Monozyten, die sowohl für das angeborene als auch für das erworbene Immunsystem wichtig sind, werden eine Schlüsselrolle bei der Entstehung und dem Progress der Atherosklerose zugeschrieben. (Libby, P., 2002) Das Wissen über den Einfluss der Monozyten bei der pAVK ist nicht sehr groß und daher beschäftigte sich diese Studie mit der Verteilung der Monozytensubpopulationen und dem Phänotyp der Monozyten in den verschiedenen Rutherfordstadien der pAVK. Die Studie konnte zeigen, dass es einen signifikanten Unterschied der Proportion von Monozytensubpopulationen in den verschiedenen Stadien der Erkrankung gibt. Die Verteilung der Monozytensubpopulationen im peripheren Blut stellt somit einen potenziellen Biomarker für die pAVK und deren Progress dar. Außerdem konnte gezeigt werden, dass mit zunehmenden Schweregrad der pAVK, die Expression und Expressionsstärke von CD106, CD162 und MPO signifikant innerhalb der Monozytensubpopulationen ansteigt.

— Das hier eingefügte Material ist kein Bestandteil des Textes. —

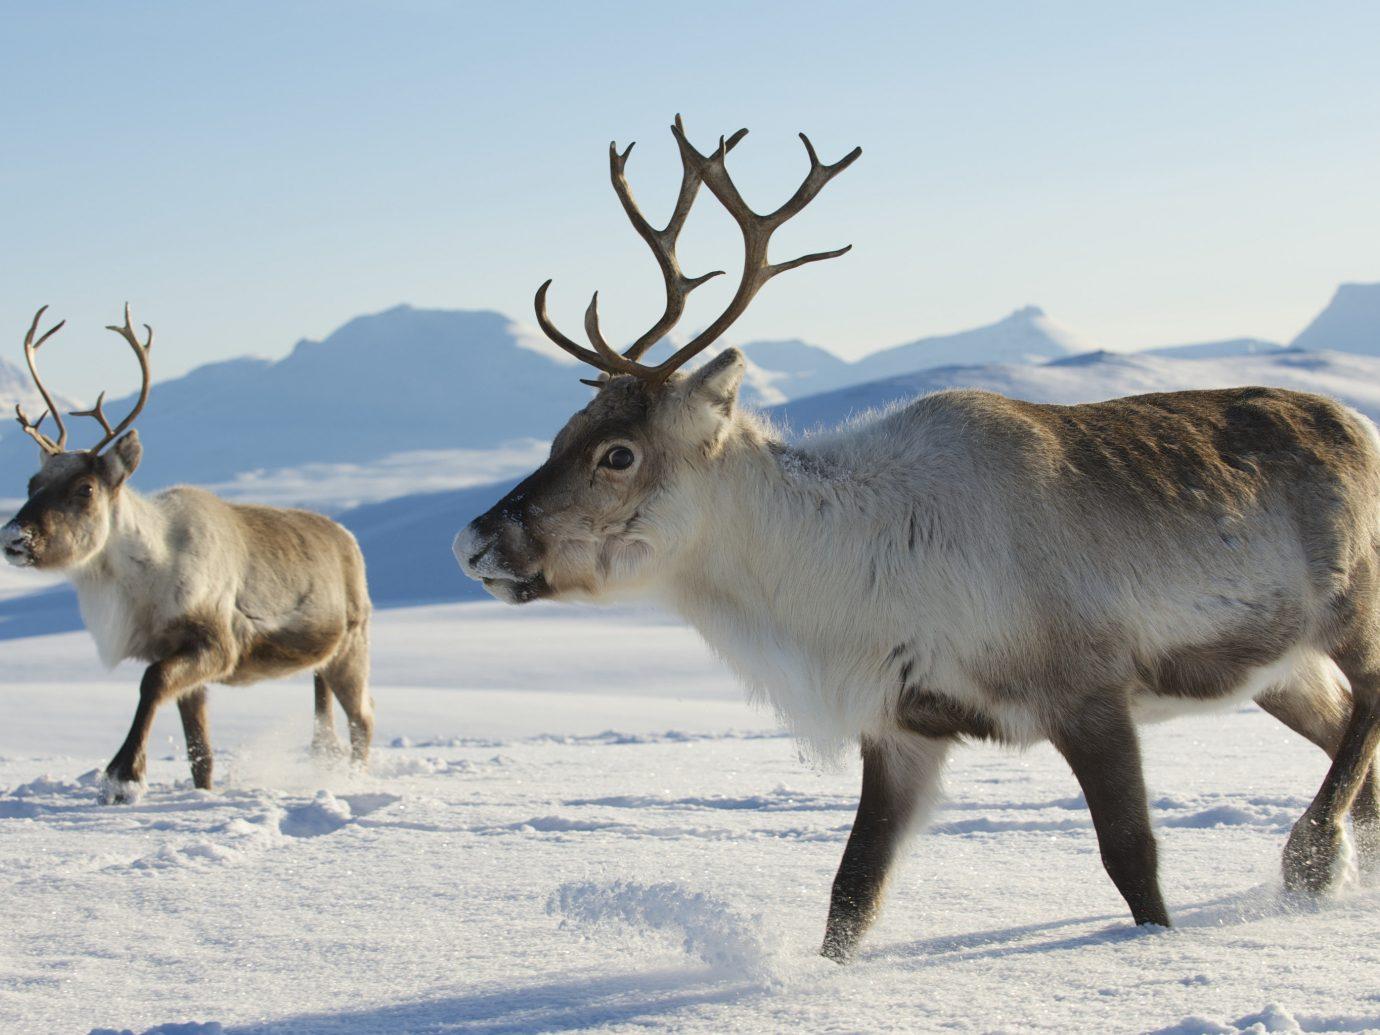 Adventure Boutique Hotels Romance Trip Ideas sky animal outdoor mammal deer reindeer Wildlife snow tundra freezing elk arctic Winter cattle like mammal antler cattle day

Weitere Studien werden benötigt, um zu zeigen, dass eine gezielte Reduktion oder Erhöhung der Monozytensubpopulationen das klinische Outcome verbessern könnte. Vor allem die Reduktion der „intermediären“ 𝐶𝐷14++𝐶𝐷16++Monozyten in höheren Rutherfordstadien ist eventuell ein geeignetes therapeutisches Target, um den Progress der Erkrankung zu verlangsamen und das klinische Outcome durch Reduzierung von kardiovaskulären Ereignissen (Herzinfarkt, Schlaganfall, Tod, Amputation) zu verbessern.

Ein anderer Ansatzpunkt wäre eine gezielte therapeutische Erhöhung der protektiven „nicht klassischen“ 𝐶𝐷14+𝐶𝐷16++ Monozyten bei Patienten mit fortgeschrittener pAVK, um den beeinträchtigen Heilungsprozess positiv zu unterstützen.